● **Records provided**:
--
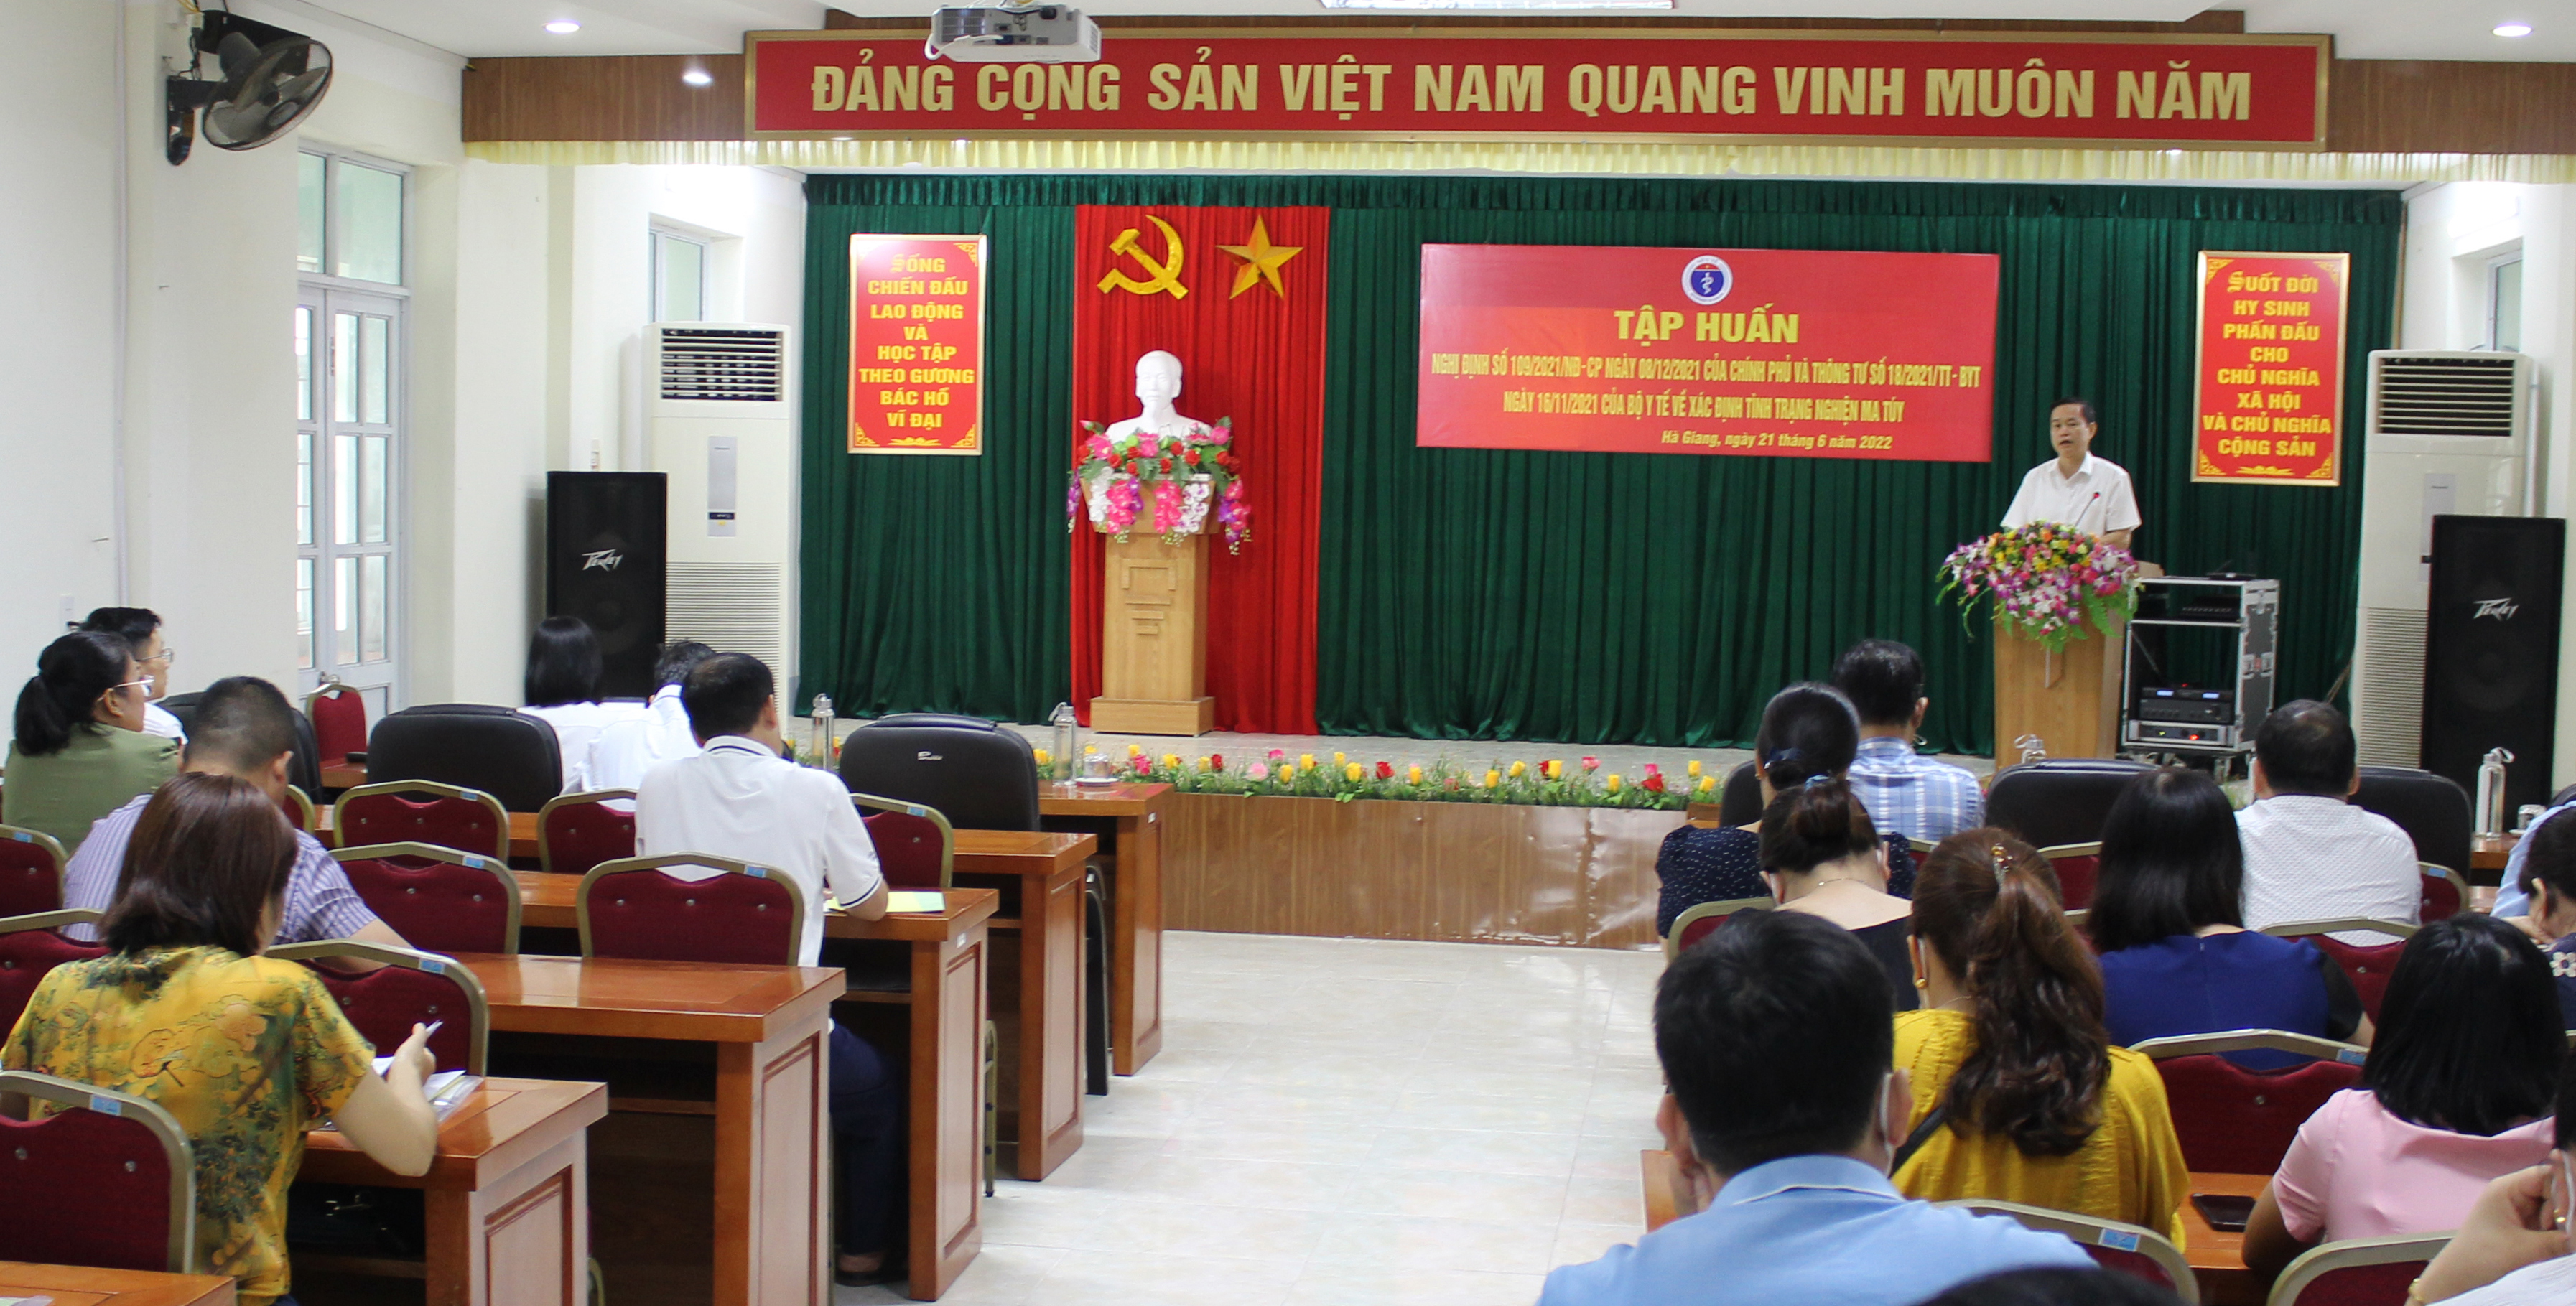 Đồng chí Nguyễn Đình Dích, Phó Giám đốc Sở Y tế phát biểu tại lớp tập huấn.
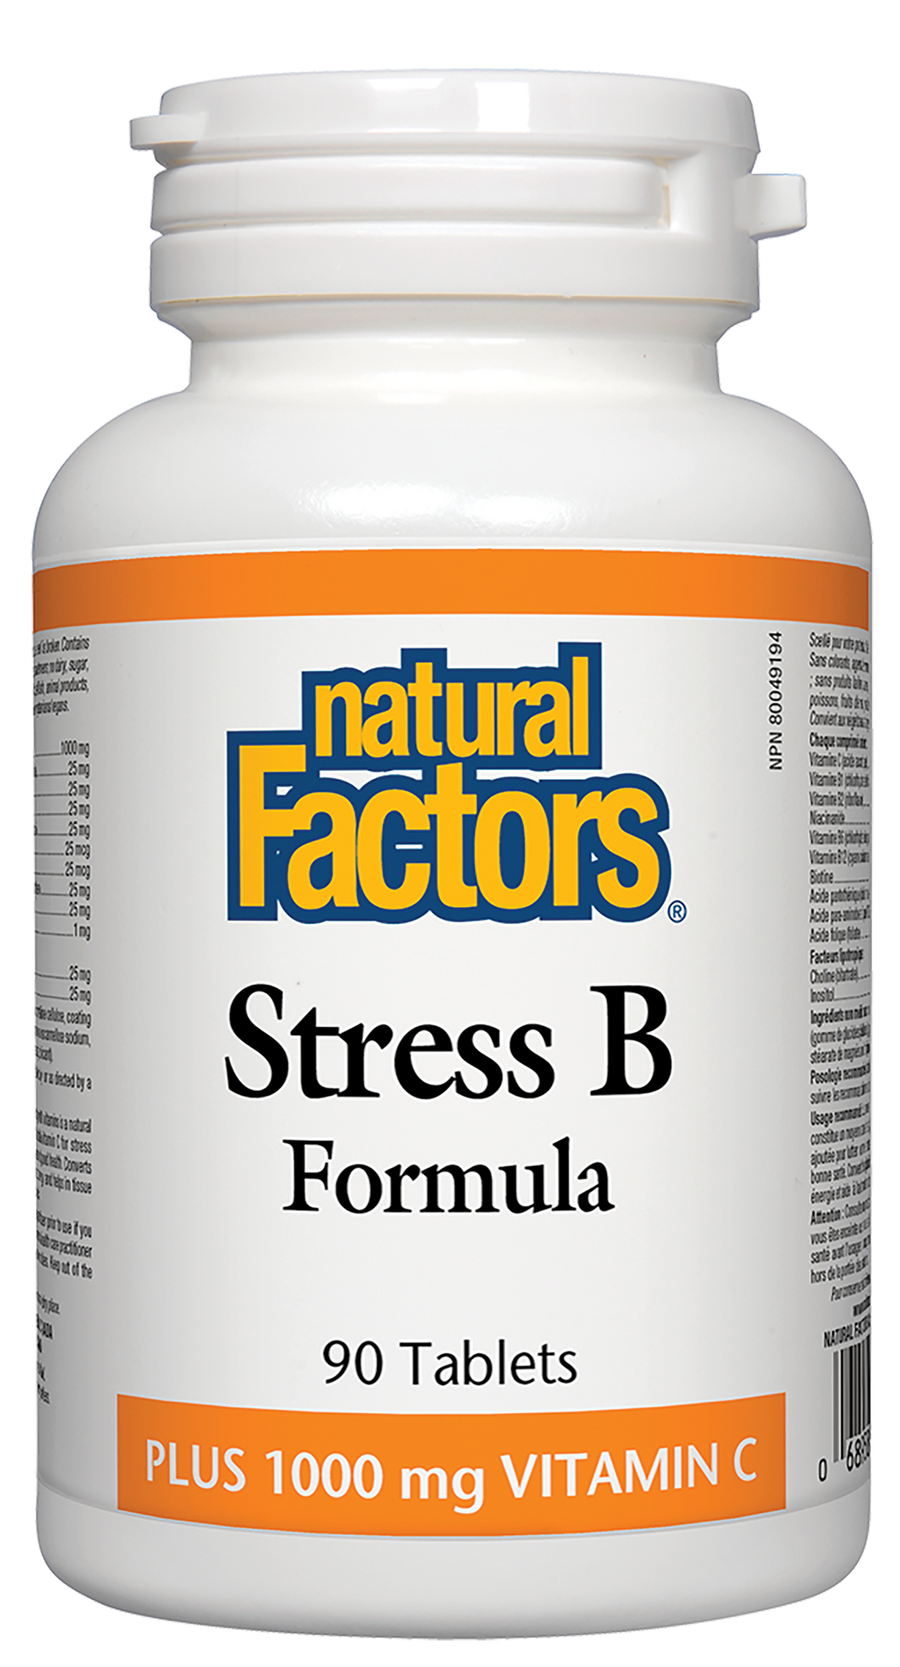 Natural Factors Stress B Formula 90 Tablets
--
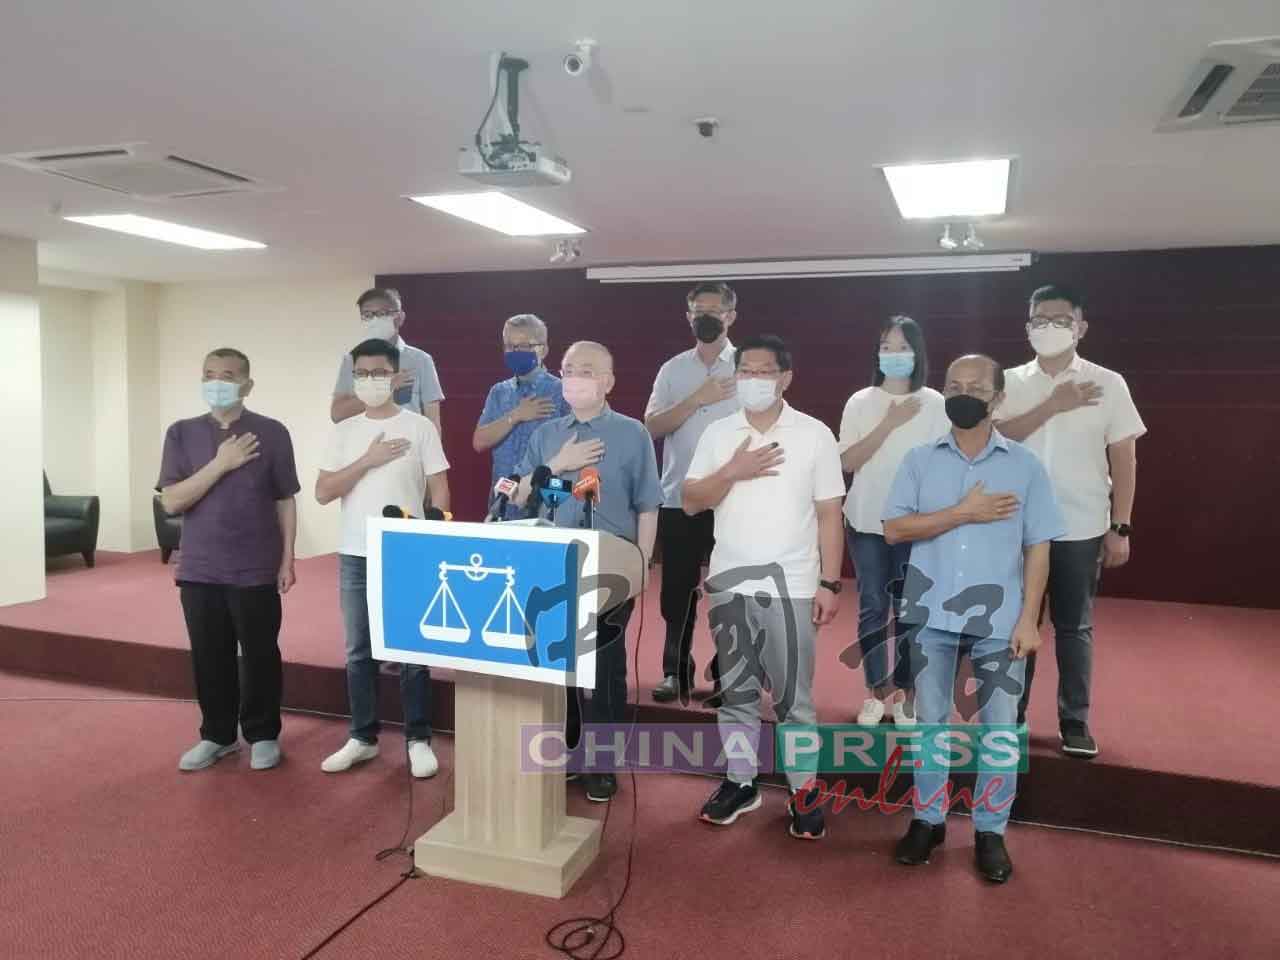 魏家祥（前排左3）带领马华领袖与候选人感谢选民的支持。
--
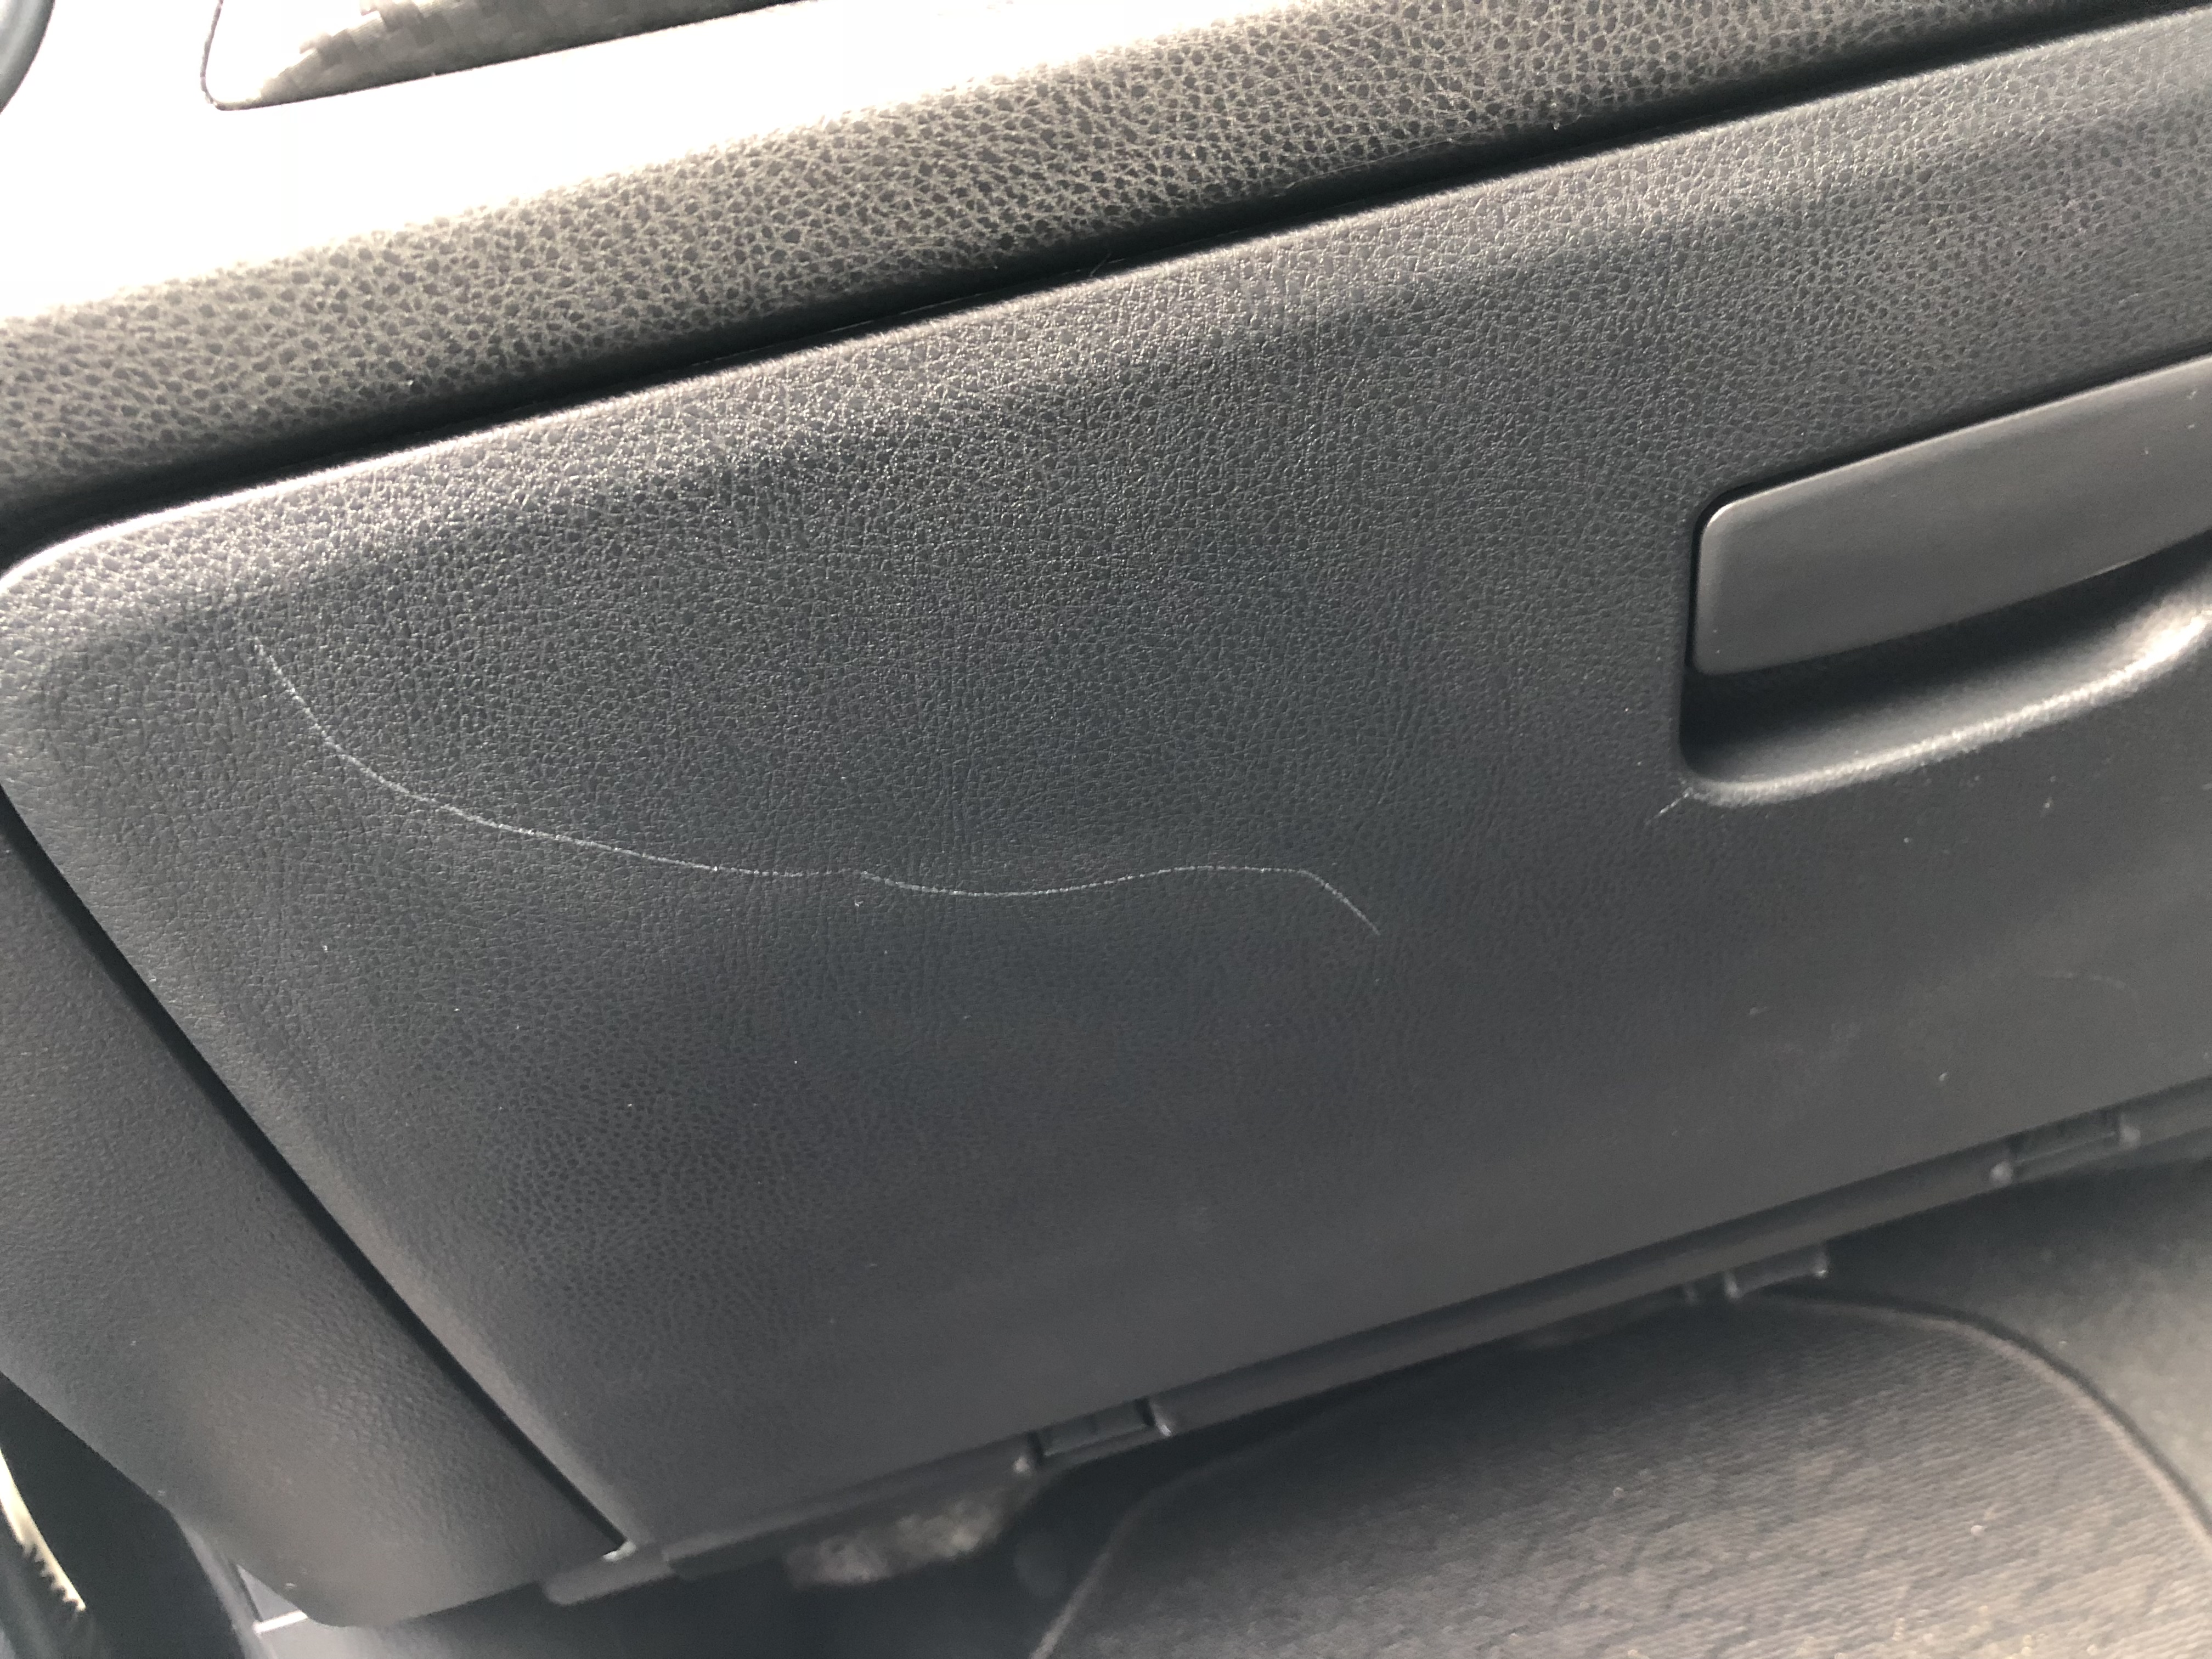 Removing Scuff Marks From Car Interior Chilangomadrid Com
--
● **What you have to do**: Reproduce, exactly and only, the lines of the records above starting at the line with "Đồng chí Nguyễn" and ending at the line with "Natural Factors Stress B Formula 90 Tablets", both included. Leave every picture out.

● **Completed exercise**:
 Đồng chí Nguyễn Đình Dích, Phó Giám đốc Sở Y tế phát biểu tại lớp tập huấn.
 Natural Factors Stress B Formula 90 Tablets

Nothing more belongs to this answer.